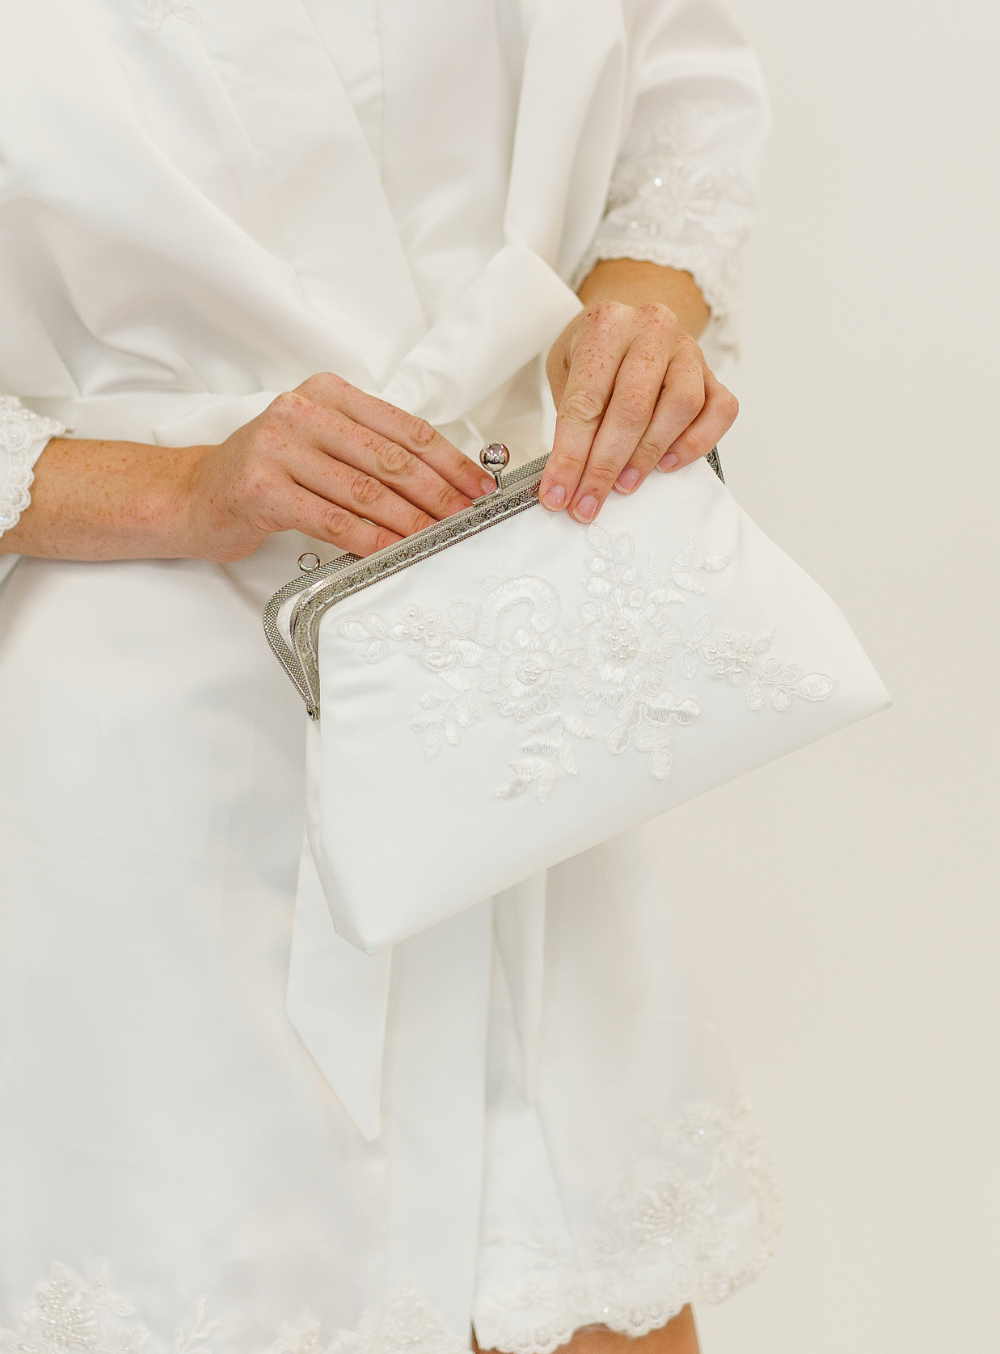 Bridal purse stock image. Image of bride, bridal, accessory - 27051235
--
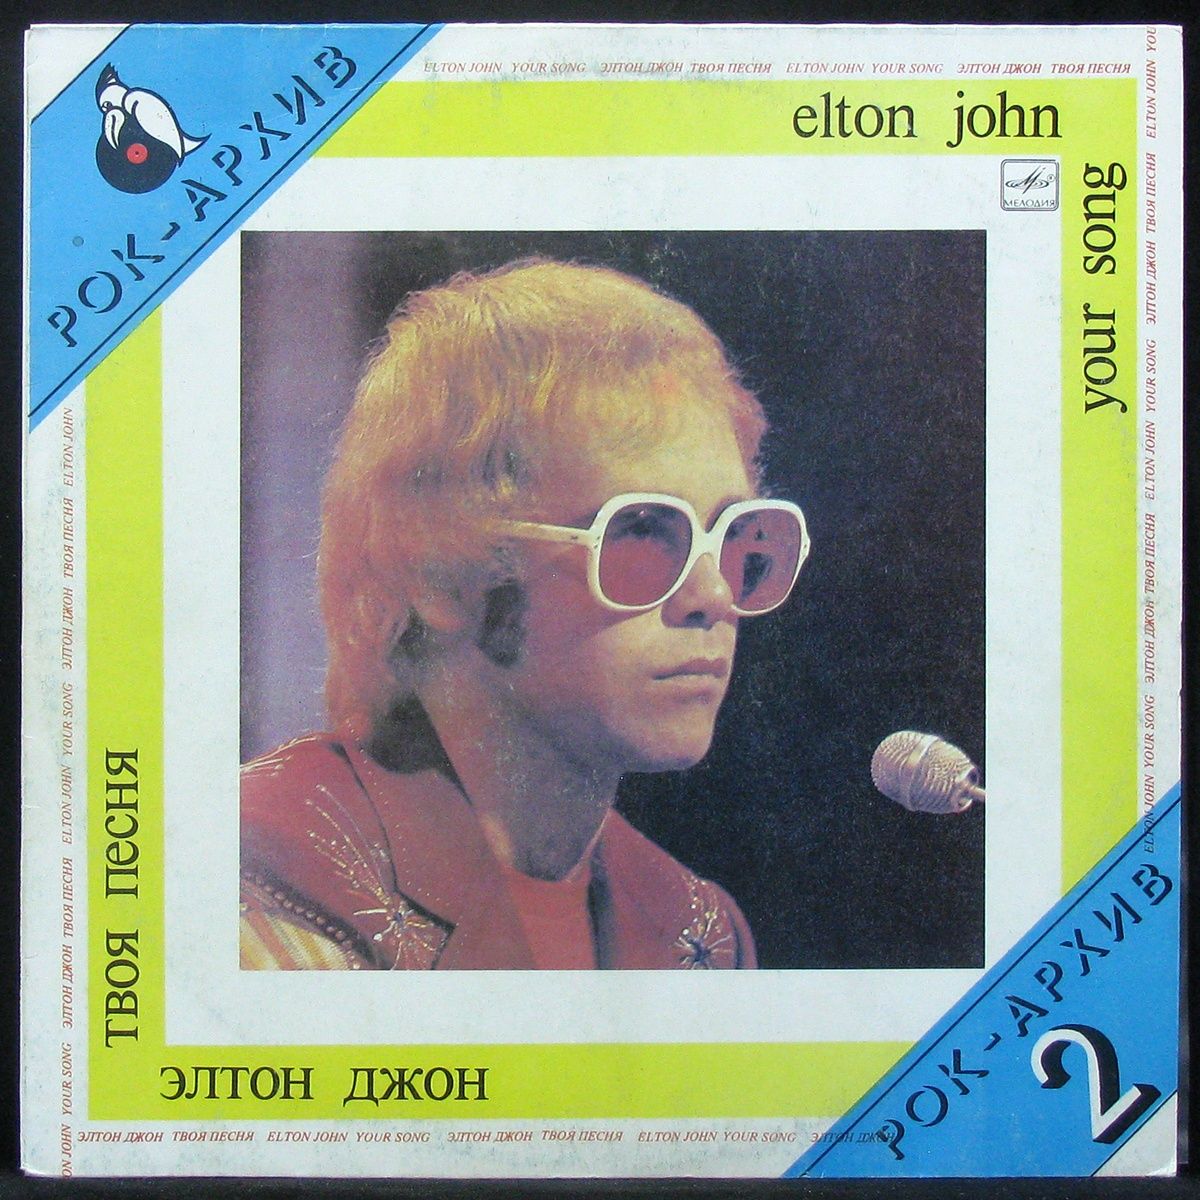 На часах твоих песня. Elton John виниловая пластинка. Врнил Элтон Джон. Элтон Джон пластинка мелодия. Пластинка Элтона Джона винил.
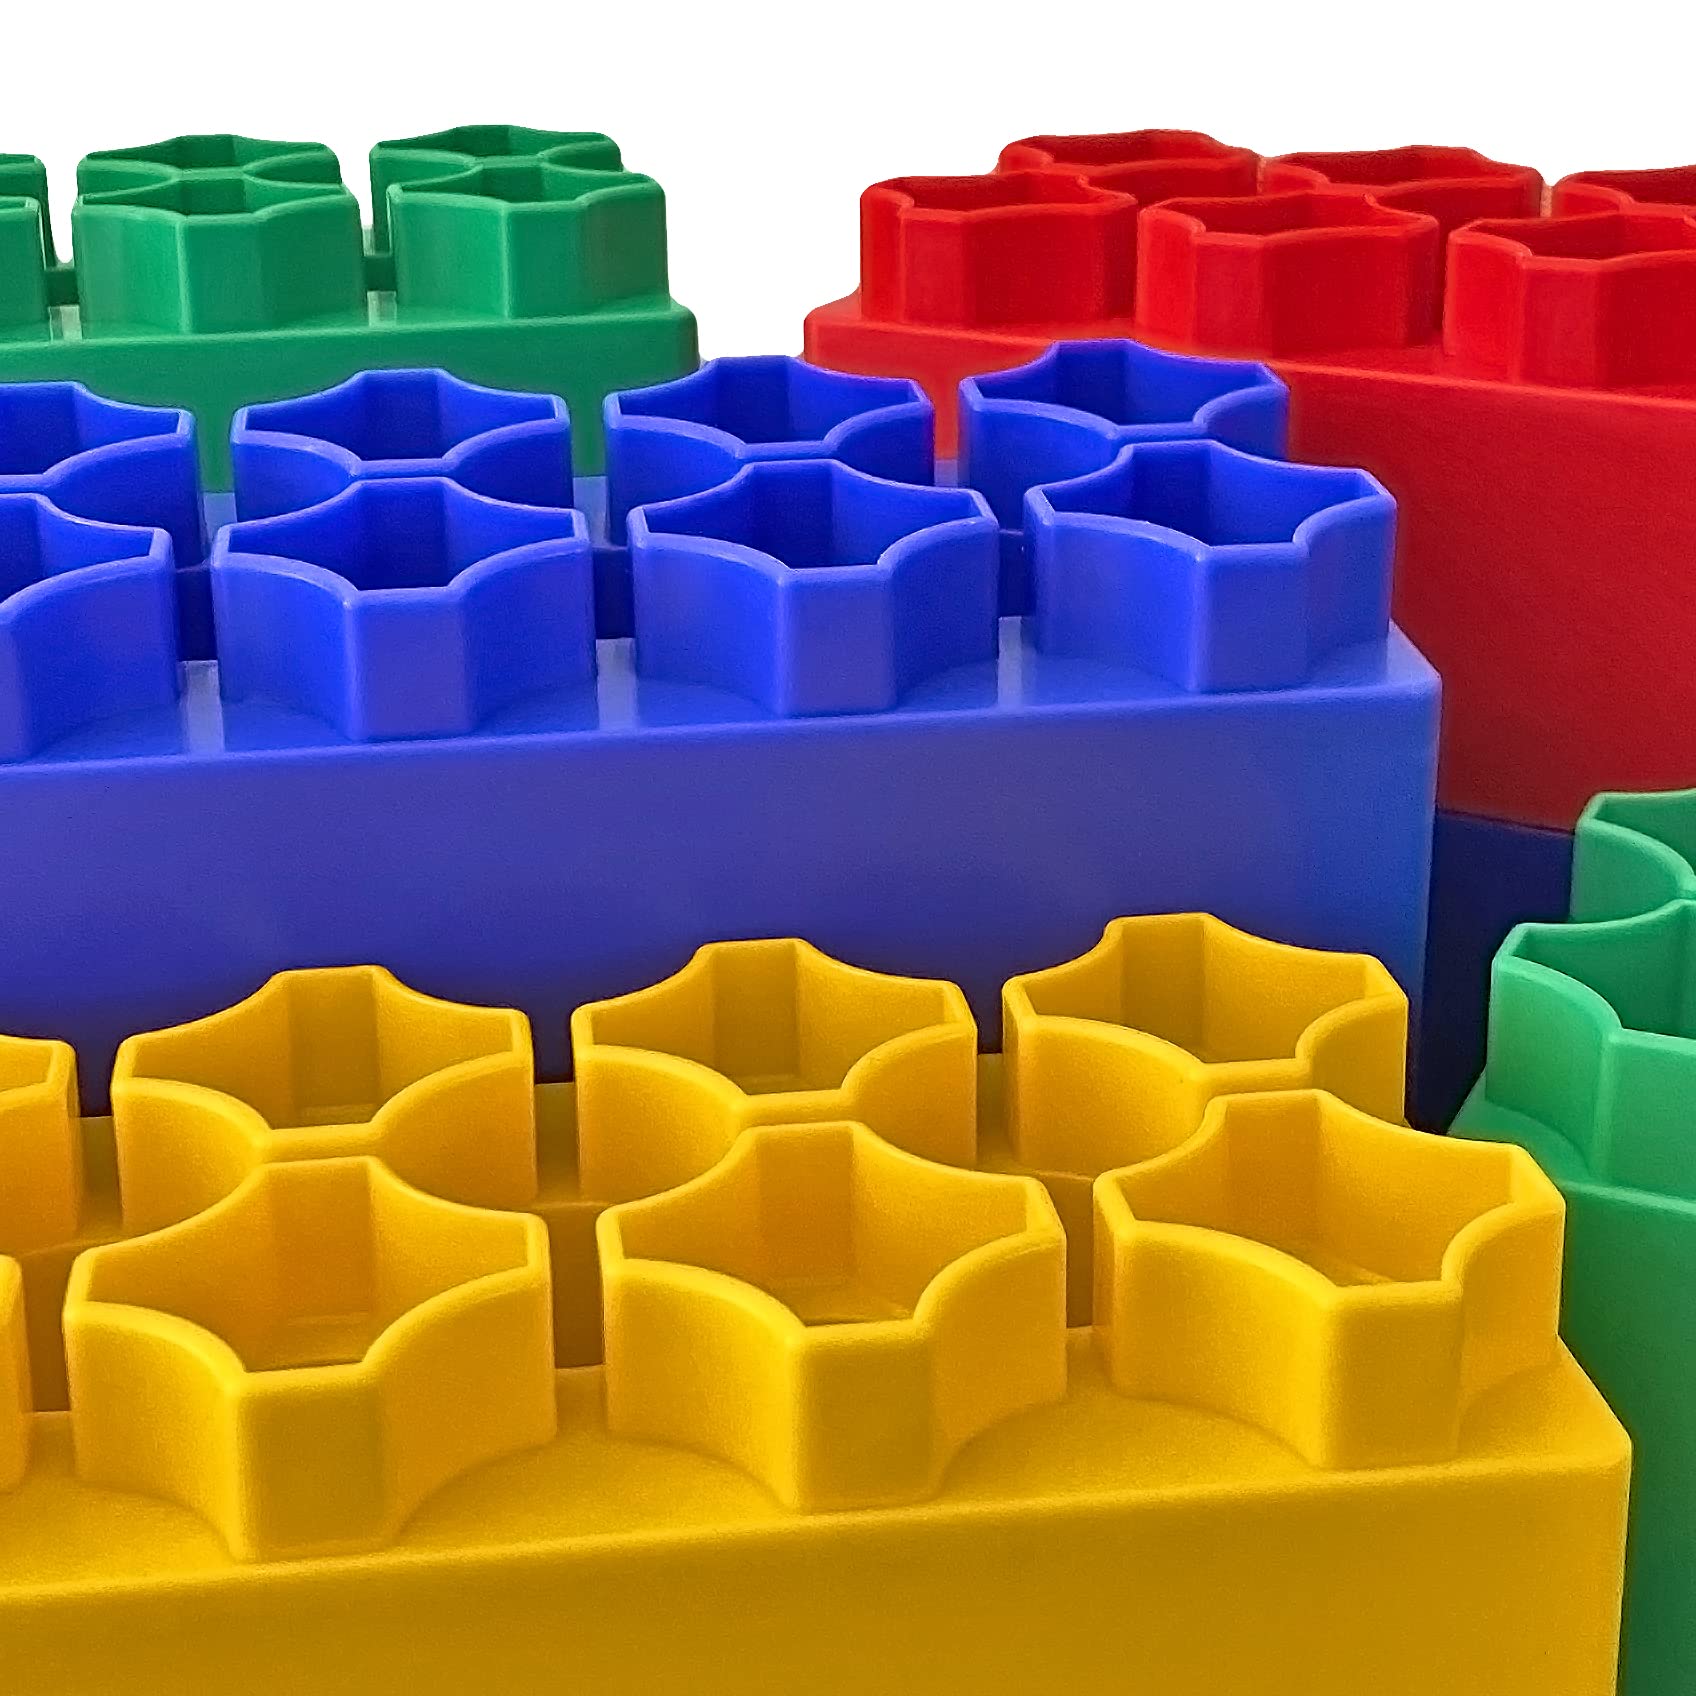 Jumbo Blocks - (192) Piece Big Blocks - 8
* * *
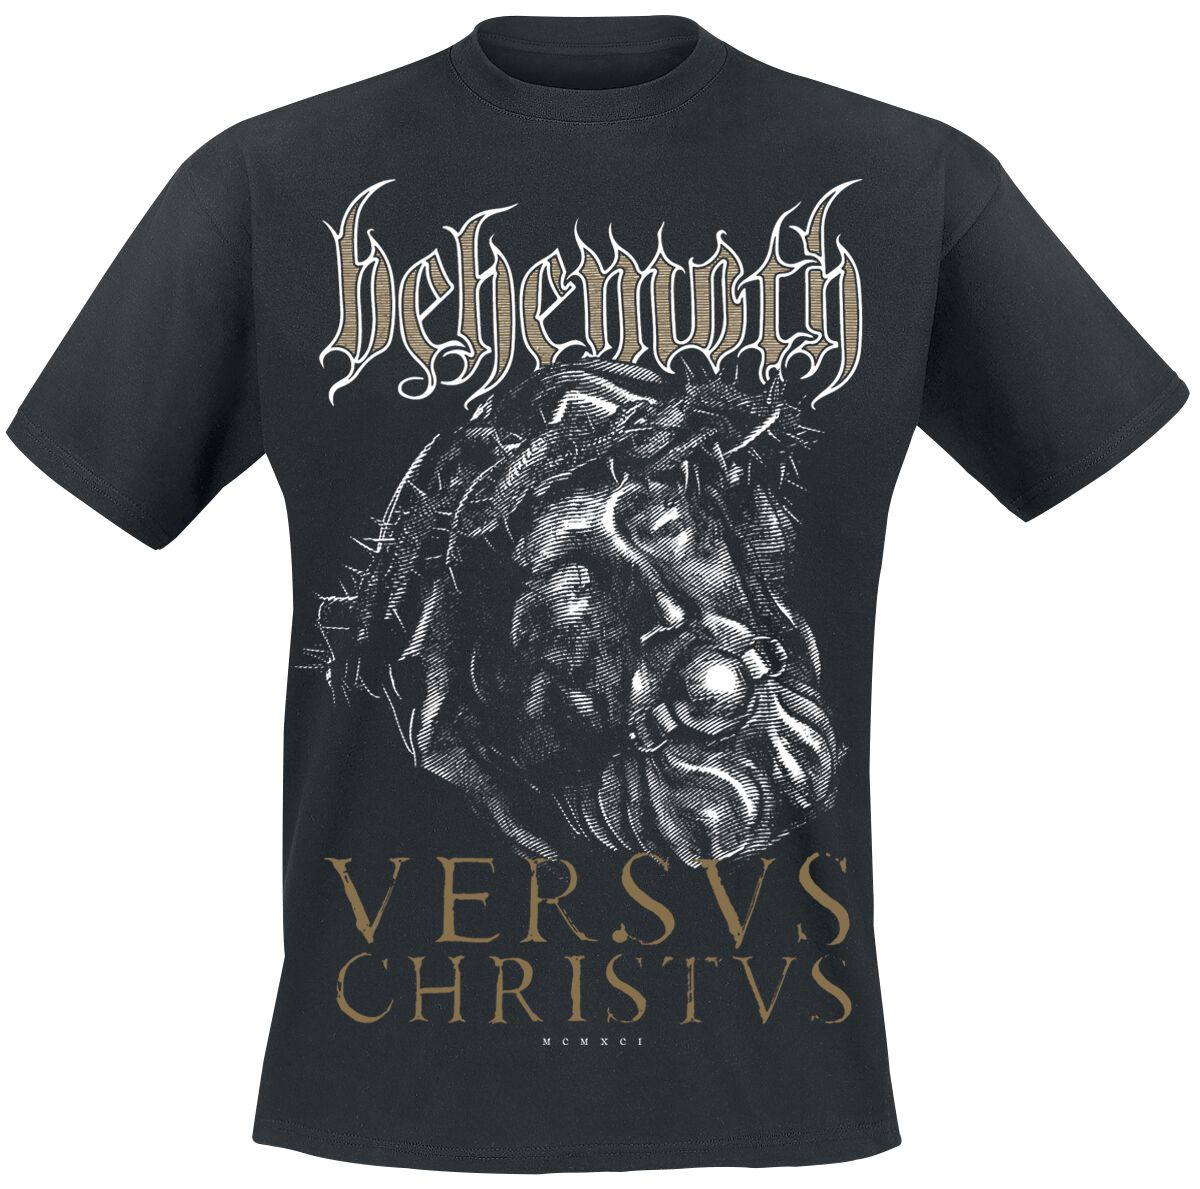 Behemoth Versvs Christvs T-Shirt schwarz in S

* Assignment:
The reply should hold the entries above from the line with "На часах твоих" to the line with "Jumbo Blocks - (192) Piece Big Blocks - 8", duplicated exactly, pictures excluded.

* Exercise output:
 На часах твоих песня. Elton John виниловая пластинка. Врнил Элтон Джон. Элтон Джон пластинка мелодия. Пластинка Элтона Джона винил.
 Jumbo Blocks - (192) Piece Big Blocks - 8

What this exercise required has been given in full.